Pilots! – Supergirl (CBS)

I thought I’d missed launch date for Supergirl, but CBS’s staggered rollout has worked in my favor, so the adoring readership gets treated to my thoughts. Lucky you!

Quick & Dirty: The show has potential, but it’s not off to a bang like The Flash was. It comes across as a very deliberate pilot, instead of flowing organically, and the long-term antagonist setup seems forced.

That being said, I’m willing to slot this one into the “Middling-with-potential” category.  Most of the criticism I’ve heard relating to this pilot seems to stem from the realities of a superhero pilot – too much exposition, too much premise establishment, and too much of Kara stomping around voicing views in inappropriate venues.  All could have been handled better, most definitely, but there’s a fair chance that it’ll settle down now that the basic premise has been established.

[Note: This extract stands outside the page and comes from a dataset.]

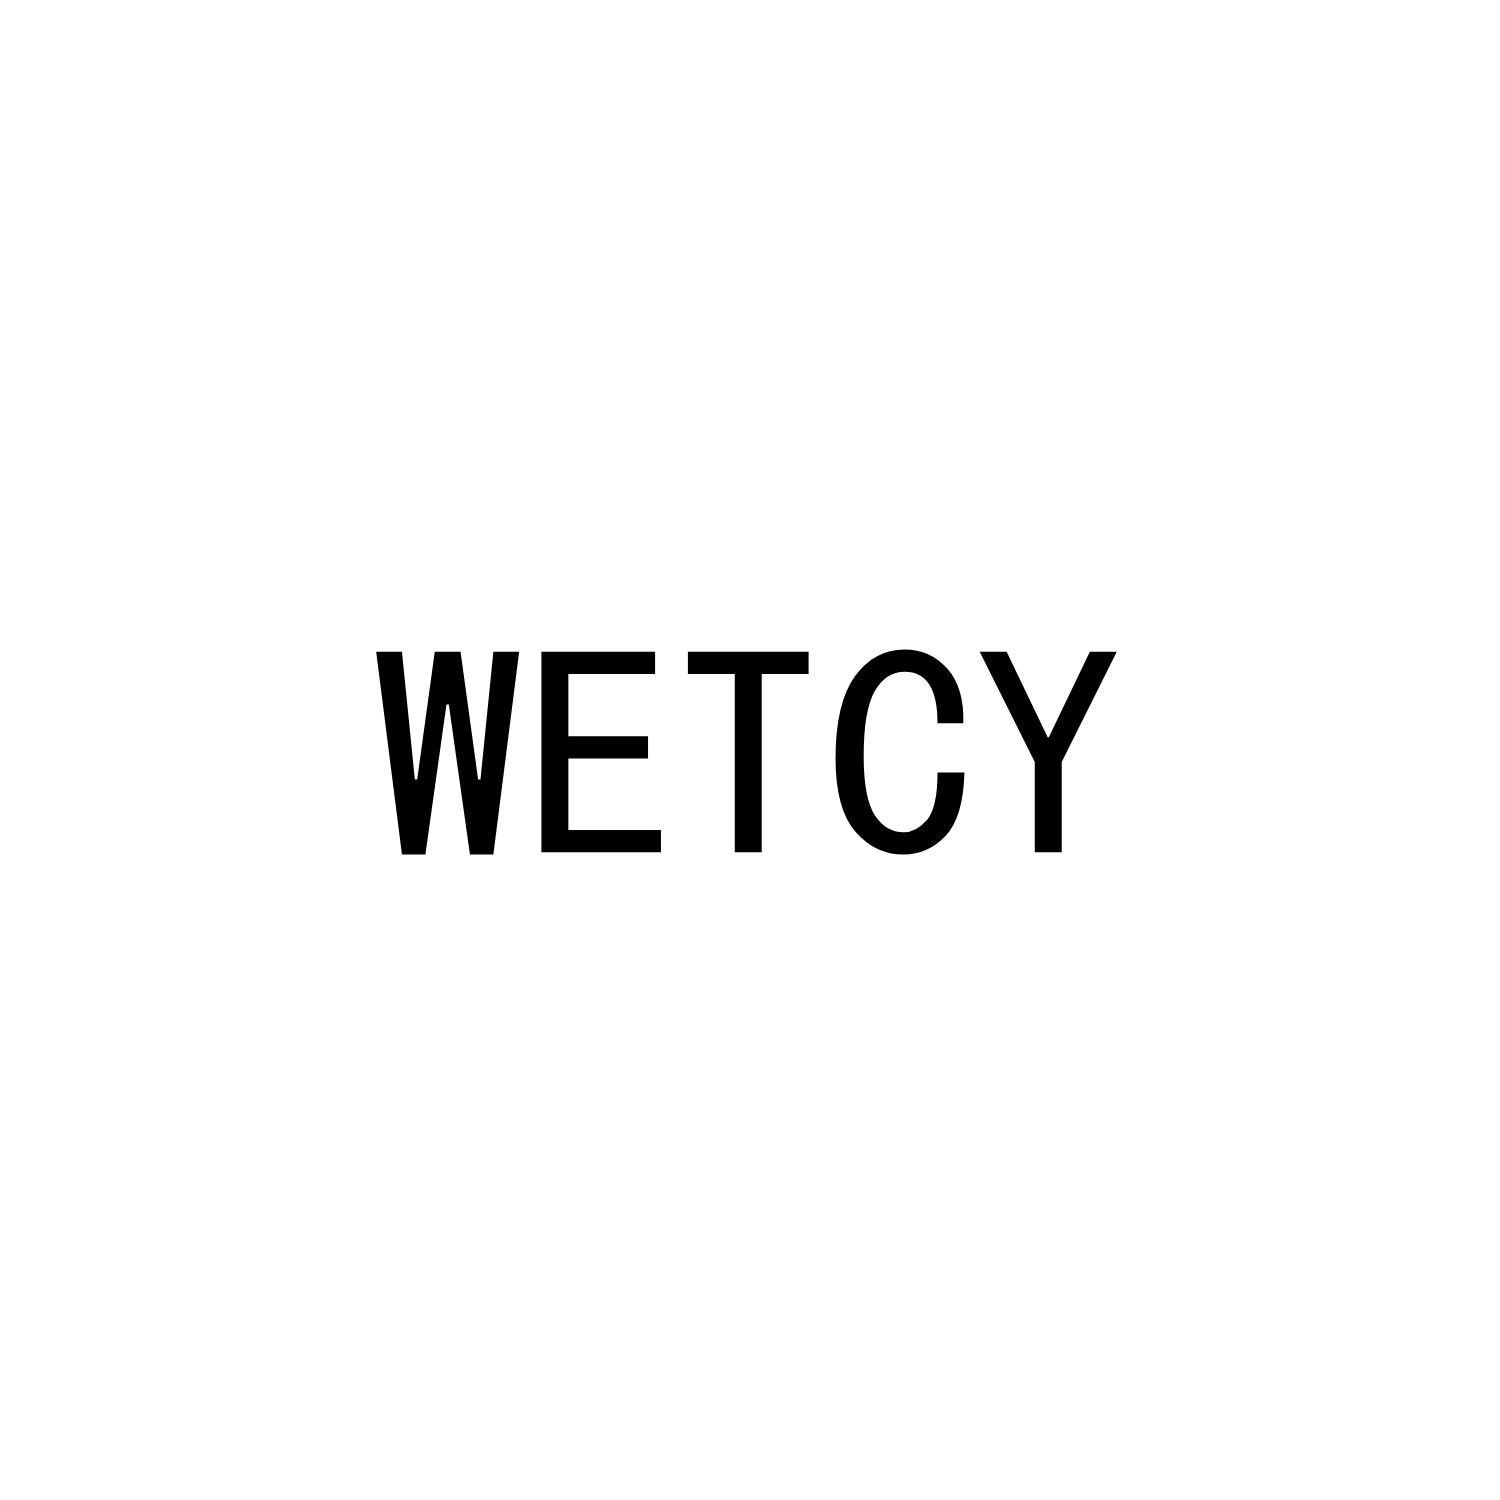 WETCY

To be fair, this is a CW show (my mistake, it’s apparently actually on CBS, I think it would have been handled better if it *were* on CW. Sad to have to say that) so we’re not expecting an Emmy for script writing.  But as a casual viewer, I found that most of my concerns with regards to the general franchise were assuaged. I haven’t read any of the comics (I know, I know, bad geek), but I hated the way that the original movie just had her jump into Superman’s slot as a cheap way to extend the franchise.

In that regard, the TV series already promises to manage her role in a more independent manner.  It addresses the diminutive nature of the title, created a believable (for DC) premise for ongoing episodic adventures, and incorporated a direct tie-in to the Superman franchise in the form of a an older and wiser Jimmy Olson.  Could it have been handled more subtly? Of course.  But the real test will come when the first half-dozen episodes air – the characters will either gel and settle into their roles, or the show will die an ignoble death as the actors attempt to force cohesion out of material that lacks balance and substance.  While it makes a certain amount of sense to run with the primary conflict arc that they are, I find myself wondering if it isn’t telling that Smallville waited until one of its later seasons to take the same approach (and, for that matter, introduce Kara as a character).

As with all, time will tell.  If you’re a DC fan, or just someone interested in promoting female superhero leads, it’s worth giving it half a chance. If you’re on the fence, wait until mid-season and then binge it OnDemand/Hulu style if the chatter stays solid.  Except, since it’s CBS, you’ll probably have to wait until the season’s wrapped up to get online access unless you want to shell out for the CBS-only streaming service.  Bah Humbug.